There are two main types of transfer switches available for residential use: manual and automatic. Both have their own benefits and drawbacks, but a manual switch is typically the least expensive. They are usually easy to set up and can be found at local hardware stores. An automatic transfer switch can be more expensive, but it is more convenient. It can also save homeowners money on fuel costs. If you want to go with an automatic switch, it is important to get the right size for your house, as it must be able to handle the maximum load for which you’ll need it.

Gas Connections

Once your generator has been positioned, a licensed professional will make the gas connection. This is done by digging a trench from the home to the generator and connecting with a gas line that connects to your natural or propane gas meter. It’s important that the piping is sized correctly to ensure sufficient fuel supply to your generator during an outage. An improperly sized line can cause operational problems due to excessive pressure buildup. A licensed professional will ensure that the correct size is used and test for leaks before burying the pipe.

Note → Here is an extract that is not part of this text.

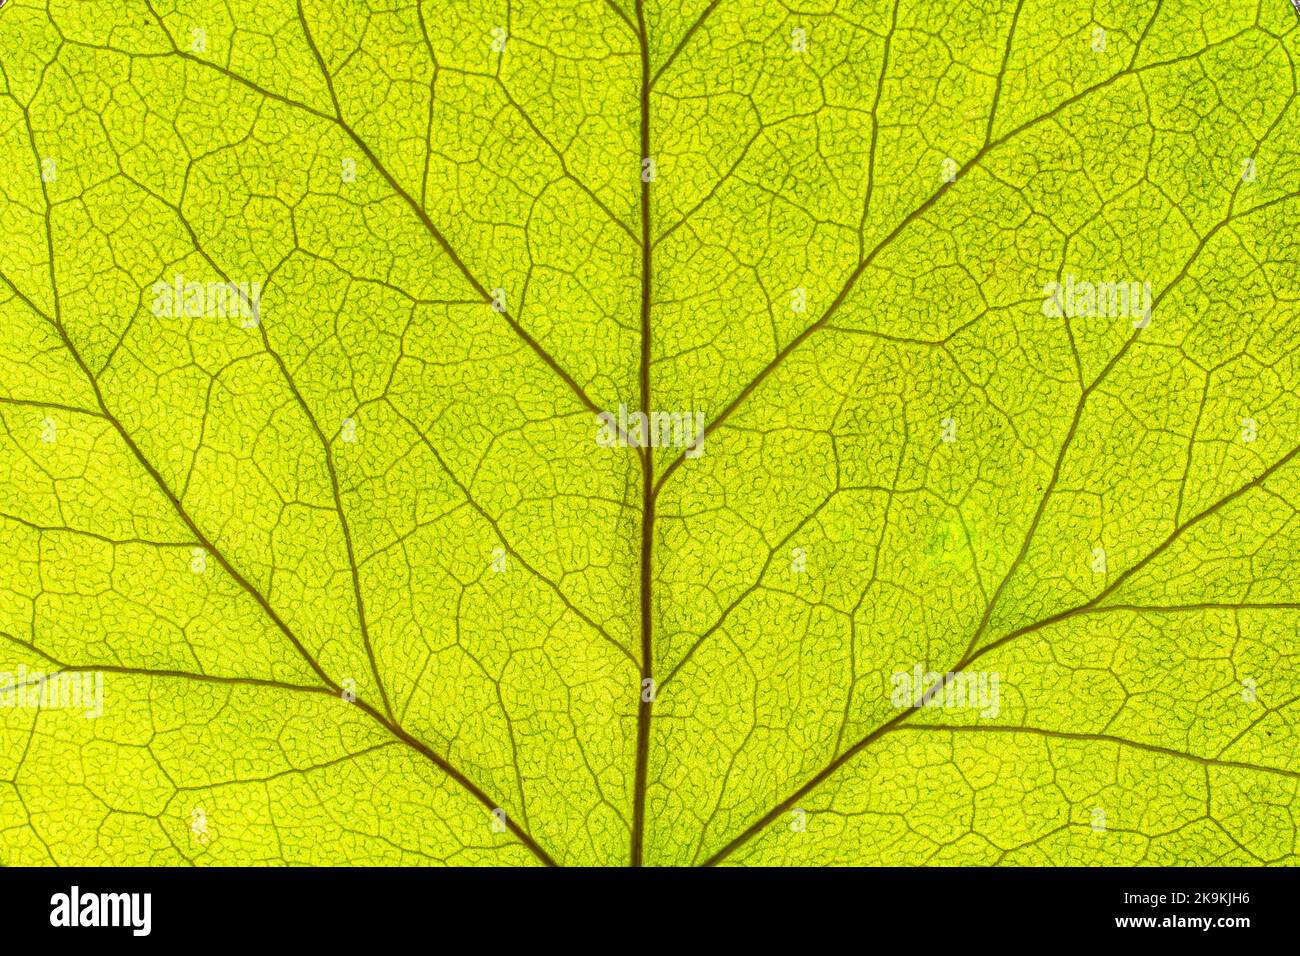 Close up detail of a beautiful backlit green leaf showing veins and cellular structure patterns. Stock Photo

Your natural or propane gas will be brought in through pipes that are buried underground and are installed in compliance with all applicable codes and standards. A variety of piping options are available, including polypipe, flex fuel lines, and risers. Regardless of the piping type, it is crucial that a manual shut-off valve is installed at your home’s gas meter to provide an external source of fuel control for your generator.

During the gas line installation process, the contractor will determine how much your generator will be able to power during an outage. This will be based on the number of circuits connected to your generator, as well as the kW (Kilowatt) rating. This will include appliances such as your kitchen, furnace, hot water heater, security system, garage-door opener, and a few lights or outlets.

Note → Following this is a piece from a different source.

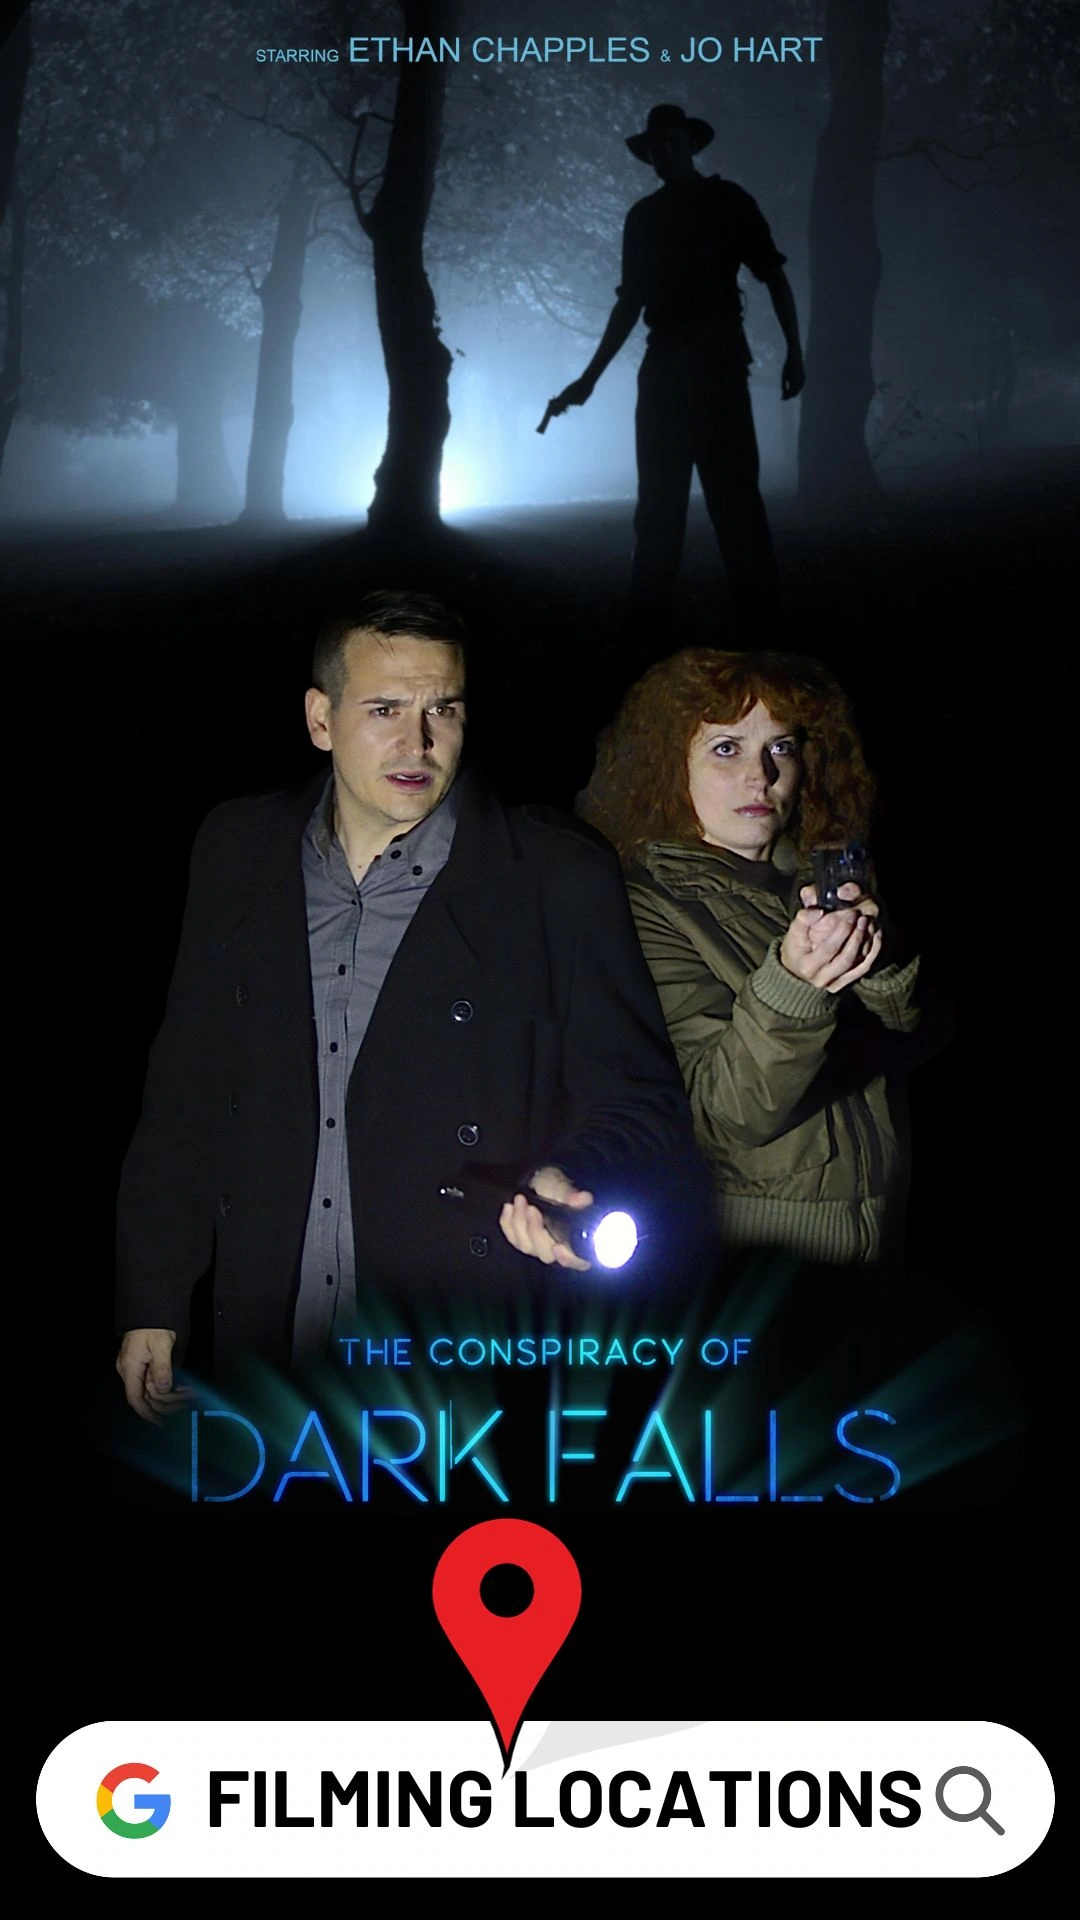 The Conspiracy of Dark Falls Filming Locations

You can decrease your generator’s kW ratings by choosing to not power certain items in your home, like your air conditioning. This will reduce your cost and will allow you to stay comfortable during an outage. However, you should still consider your family’s needs and lifestyle when deciding what to power with your generator.

Transfer Switch

The transfer switch is one of the most important parts of your backup generator. It connects your generator to your home’s electrical system, allowing you to choose which circuits will be powered during an outage. This switch is typically mounted within a few feet of your main circuit breaker box. In order to install this component, you’ll need a power cord, the generator, and your home’s electrical panel, which is usually located in the garage.

There are a few different types of transfer switches. Some are designed for use with a single generator, while others are built to be used with multiple generators. You’ll also find that these devices come in a range of amperage ratings. In addition, some offer load management features, which allow you to prioritize which appliances and equipment are powered during an outage.

When selecting a transfer switch, be sure to consider the size of your backup generator and the number of circuits it will be required to power. This will help ensure that the generator is sized correctly, and that all of your essential appliances are covered during an outage.

A professional electrician can help you determine the appropriate size of generator and transfer switch for your home. They will also be able to ensure that your generator and transfer switch are compatible with your existing electrical system. They will make sure that the transfer switch has enough wattage capacity to support the number of appliances you have connected to it.

Many jurisdictions require that a transfer switch be installed before a generator can be used in a residential setting. This is to protect the safety of utility workers and those using backup power. If you’re unsure whether your local regulations require the installation of a transfer switch, contact your local building code enforcement office.